Et dans cette enchainement de questions-gigogne, je voulais aussi lui poser celle-ci : puisqu’il a rompu avec ce monde depressif des
para situ, les paralysés de ce qu’il appelle la « négativité sous-hegelienne », que fait-il concrètement pour mettre en oeuvre la
perspective « révolutionnaire » à laquelle il tient encore, semble-t-il ? Je n’en ai pas le temps. J’entends un grand « boum ! ». On dirait
un projecteur de cinéma qui tombe. Un pot de dix litres de peinture acrylique blanche vient d’exploser dans la salle. Hurlements.

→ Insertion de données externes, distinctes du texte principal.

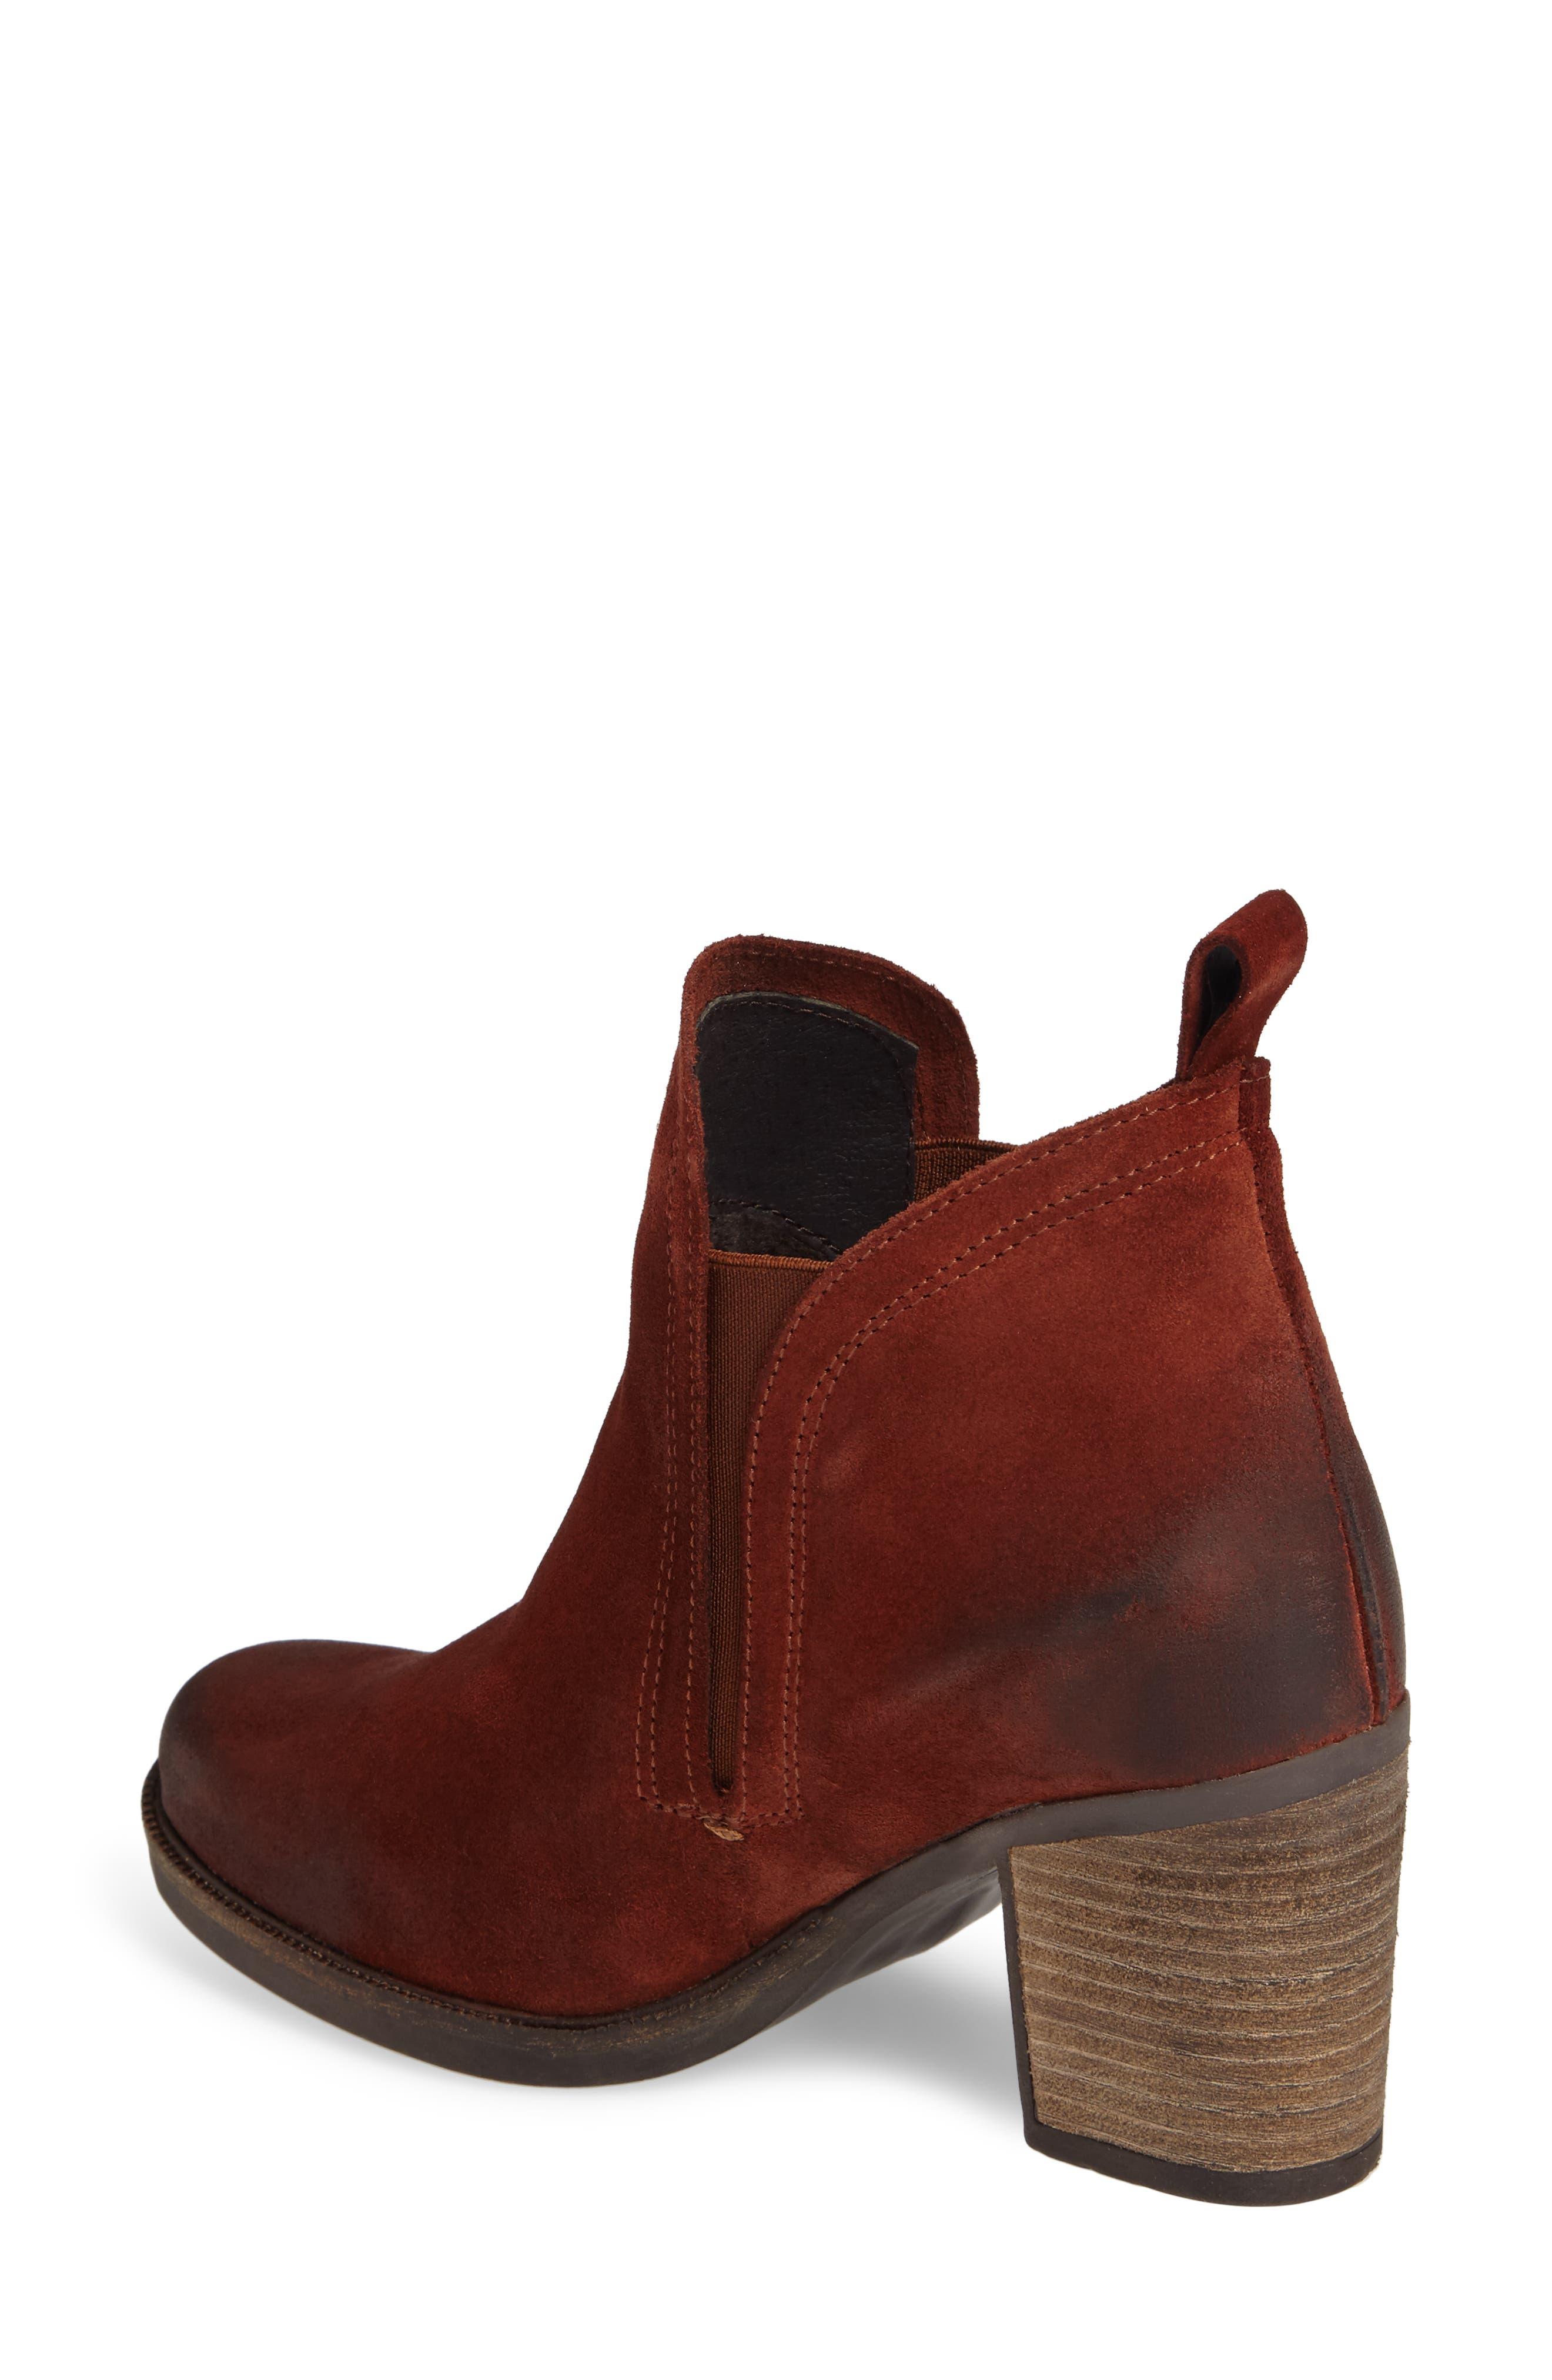 Alternate Image 2  - Bos. & Co. 'Belfield' Waterproof Chelsea Boot (Women)

Début de baston. Poursuite dans la rue. Des vitres pètent. Des gens s’écrient des trucs comme « putain, mon costard vous l’avez
ruiné » , ou « mais bordel, je suis d’accord avec vous mais s’il vous plait visez mieux ». Charlie O. l’organiste continue de jouer
imperturbablement. « T’es sur le Titanic ! » lui crie quelqu’un. « Vous inquiétez pas ca part à l’eau !’ assure un autre. Dehors, c’est la
baston. Il y a déjà un mort : une Twingo noire recouverte de peinture. On reconnait deux ou trois des intervenants (dont une brune
pasionaria vraiment très jolie). Ils sont chauds bouillants. Un jeune homme leur hurlent dessus « retournez dans votre squatt, rebelles
de mes deux, allez faire la révolution ! ». A la pasionaria : « de toute façon, t’es qu’une sorcière, regarde toi, t’as une tête de
sorcière ! ». Là il exagère. Un mec couvert de peinture vient me demander si c’est pas moi qui doit payer la facture du teinturier.

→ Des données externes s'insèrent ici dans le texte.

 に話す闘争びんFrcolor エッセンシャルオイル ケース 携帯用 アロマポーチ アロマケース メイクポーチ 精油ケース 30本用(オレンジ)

« Mais non, j’y suis pour rien, lui réponds-je. J’étais intervenant dans le débat ». Mais déjà il est parti à la poursuite des agresseurs
supposés. Sur le trottoir, MBK reste impassible. Il ne veut pas trop faire d’analyse à chaud. Ni désigner les méchants. Mais il a l’air de
savoir plus ou moins d’où viennent les organisateurs de cette fête de la Saint Valentine. Le lendemain, on essaie de joindre par une
filière clandestine les Tiqqun, dont tout le monde dit qu’ils sont responsables de l’attentat. Comme toujours silencieux, le collectif très
radical et très mysterieux semble avoir mis en oeuvre le programme de MBK qu’il glissait dans une interview sur Ironie.free : « Si
demain on fait de la politique, on fera de la politique réelle, et on la fera pacifiquement, mais ce sera une guerre... ». Tu m’étonnes.

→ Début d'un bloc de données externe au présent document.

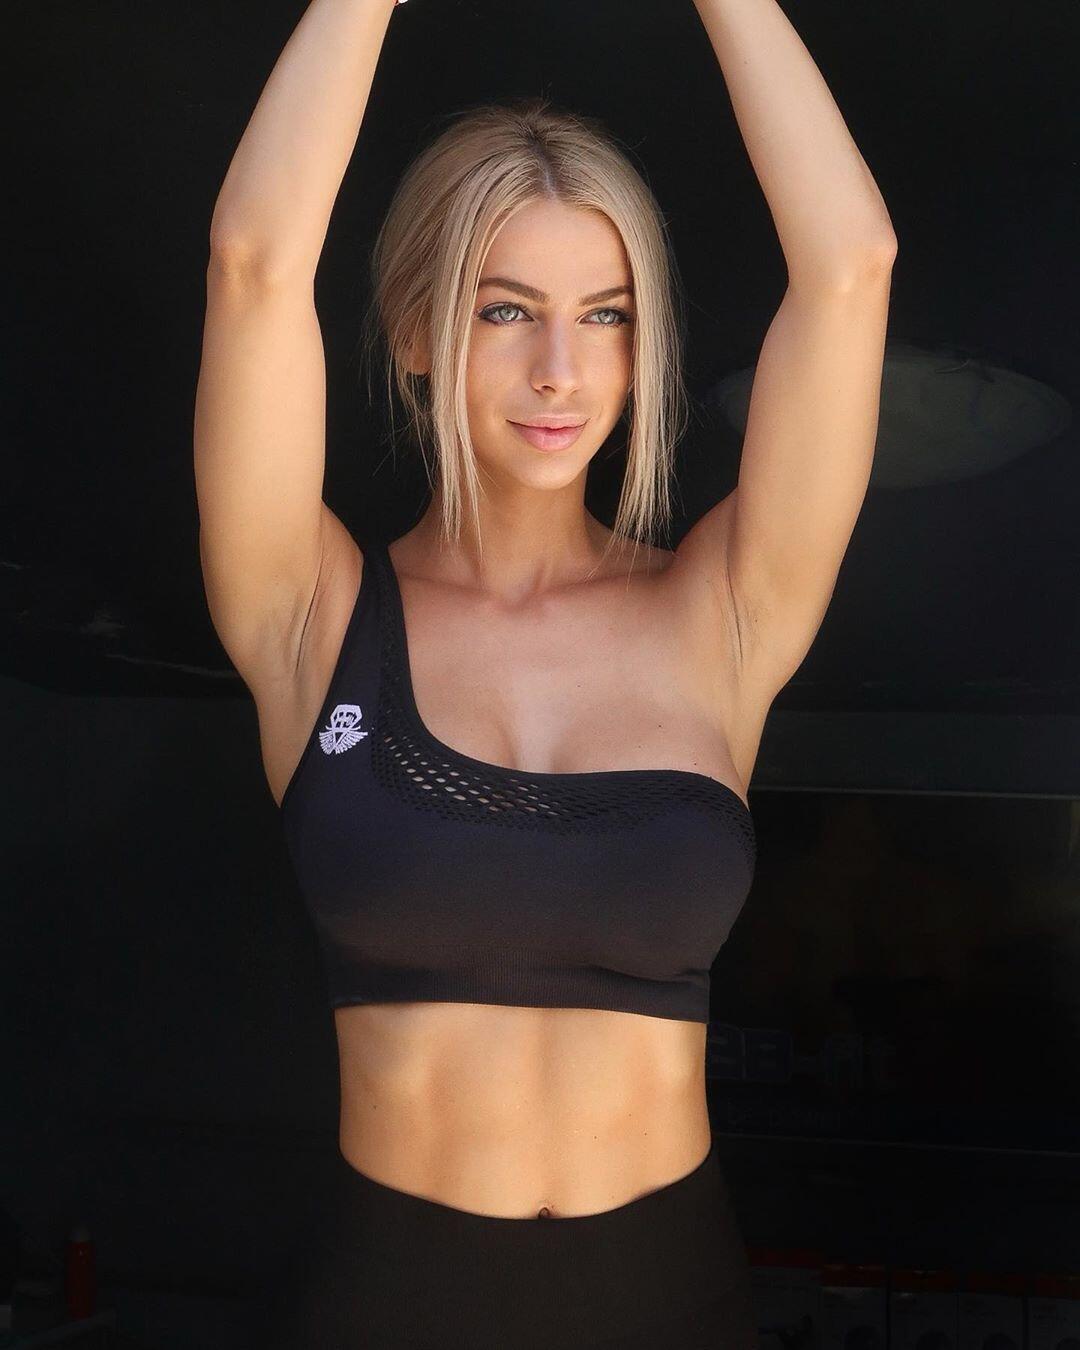 Знаменитая фитнес-модель снялась обнаженной

Sur ce même site, Franck Laroze, président de la revue Evidenz, en conflit ouvert avec MBK, se moquait de lui en ces termes : « il ne
faut pas avoir peur du ridicule pour employer, de nos jours, de tels propos et se croire ou se vouloir soi-même "révolutionnaire",
adoptant ainsi une posture éculée, messianique, qui n’est - comme on le sait maintenant - que l’expression figée et hautement
confortable du ressentiment . On se croirait revenus aux délires "soixante-huitards" qu’il fut le premier à fustiger... ». Il n’y a pas de
problèmes. Son jugement s’appliquait très bien à l’ambiance générale de la soirée de lundi. Un happening sous-gauchiste auquel on
aurait préféré, quitte à vouloir ridiculiser ou empêcher de parler MBK, un attentat pasticheur à la Yes Men. Ou tant qu’à faire, et
pendant qu’on y est, un vrai meurtre. En attendant de démêler les enjeux hautement révolutionnaires de cette soirée, ce sont - comme
d’hab - les techniciens bénévoles et les employés du bar qui ont nettoyé.